Task prompt - With pictures excluded, output exactly the lines that run from the first line of the data below through the line containing "Jordan 9 Sweatshirt, J".

Information supplied -

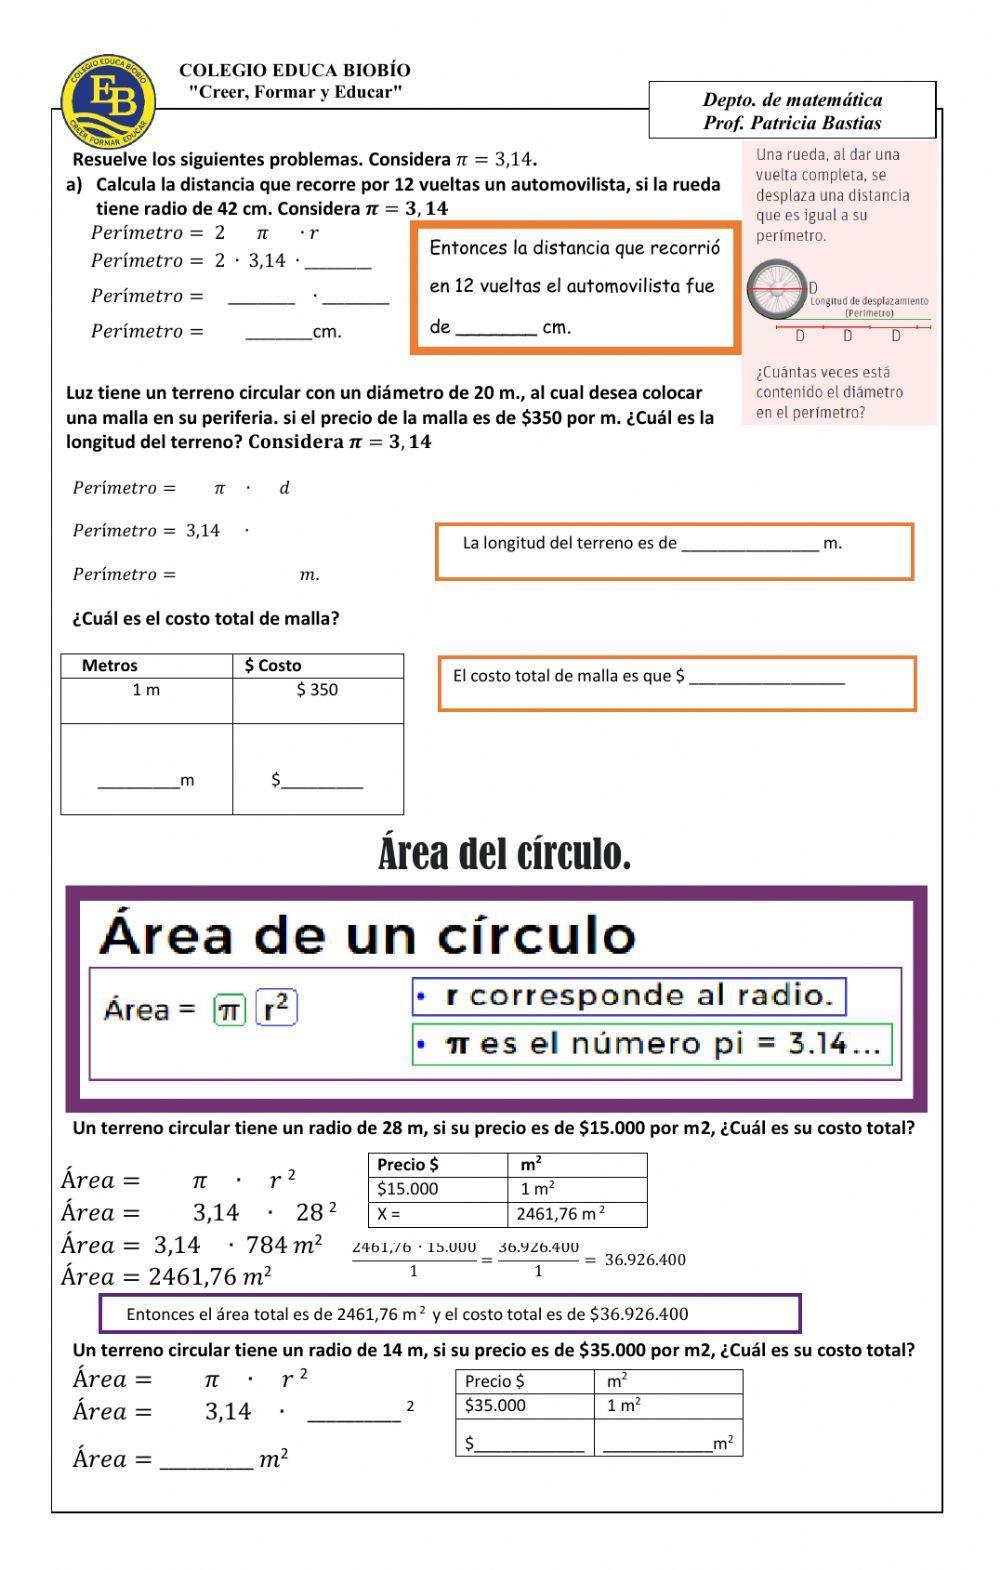 CLASE 27 Resolver problemas geométricos, estimando el perímetro de la circunferencia y área del círculo
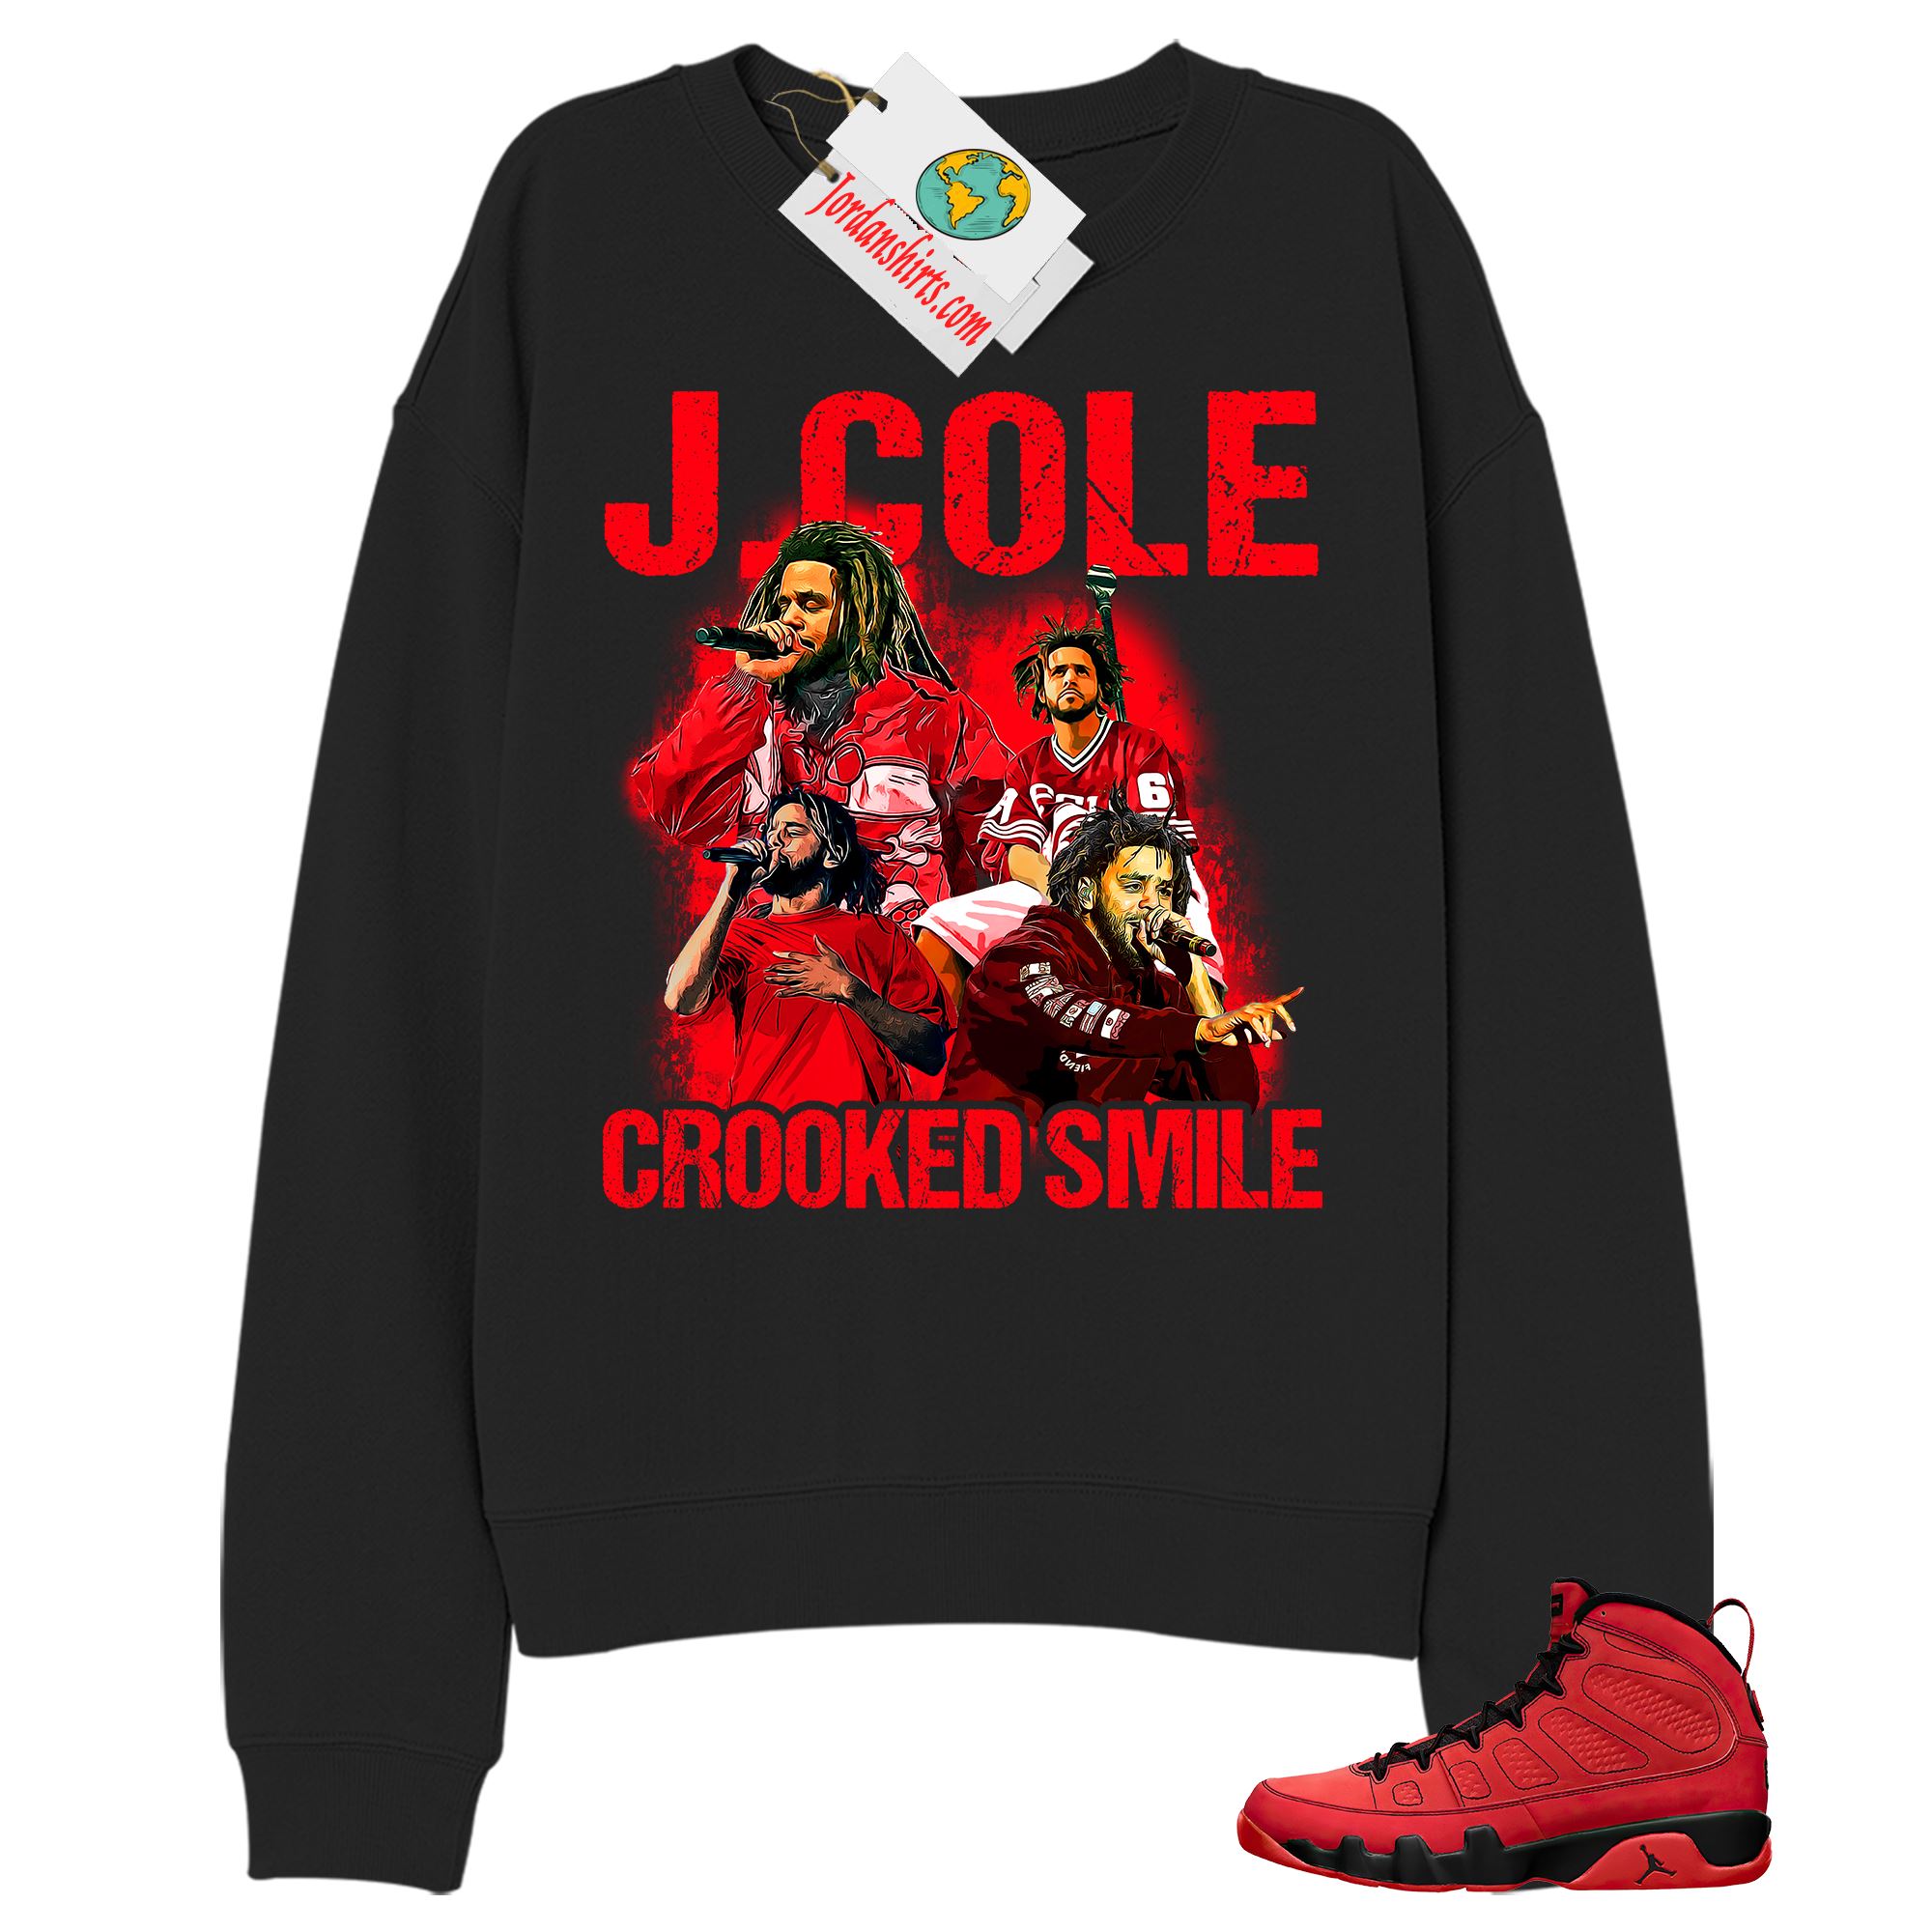 Jordan 9 Sweatshirt, J Cole Bootleg Vintage Raptee Black Sweatshirt Air Jordan 9 Chile Red 9s Full Size Up To 5xl
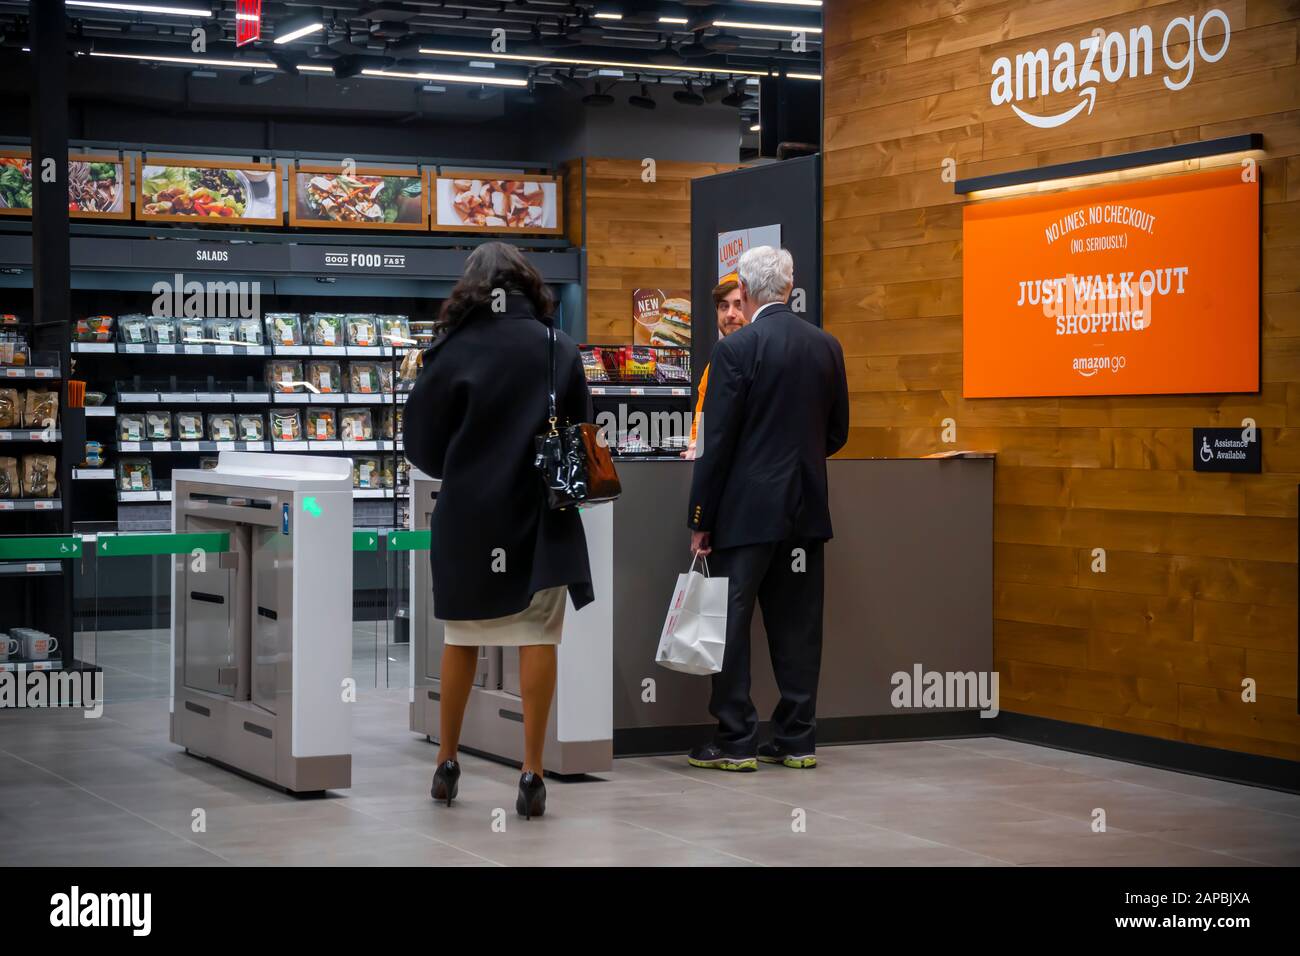 Il nuovissimo negozio Amazon Go del Rockefeller Center di New York giovedì  16 gennaio 2020. Il negozio, per lo più fornito di cibi preparati e punti  metallici, consente a un acquirente con

Output below -
 CLASE 27 Resolver problemas geométricos, estimando el perímetro de la circunferencia y área del círculo
 Jordan 9 Sweatshirt, J Cole Bootleg Vintage Raptee Black Sweatshirt Air Jordan 9 Chile Red 9s Full Size Up To 5xl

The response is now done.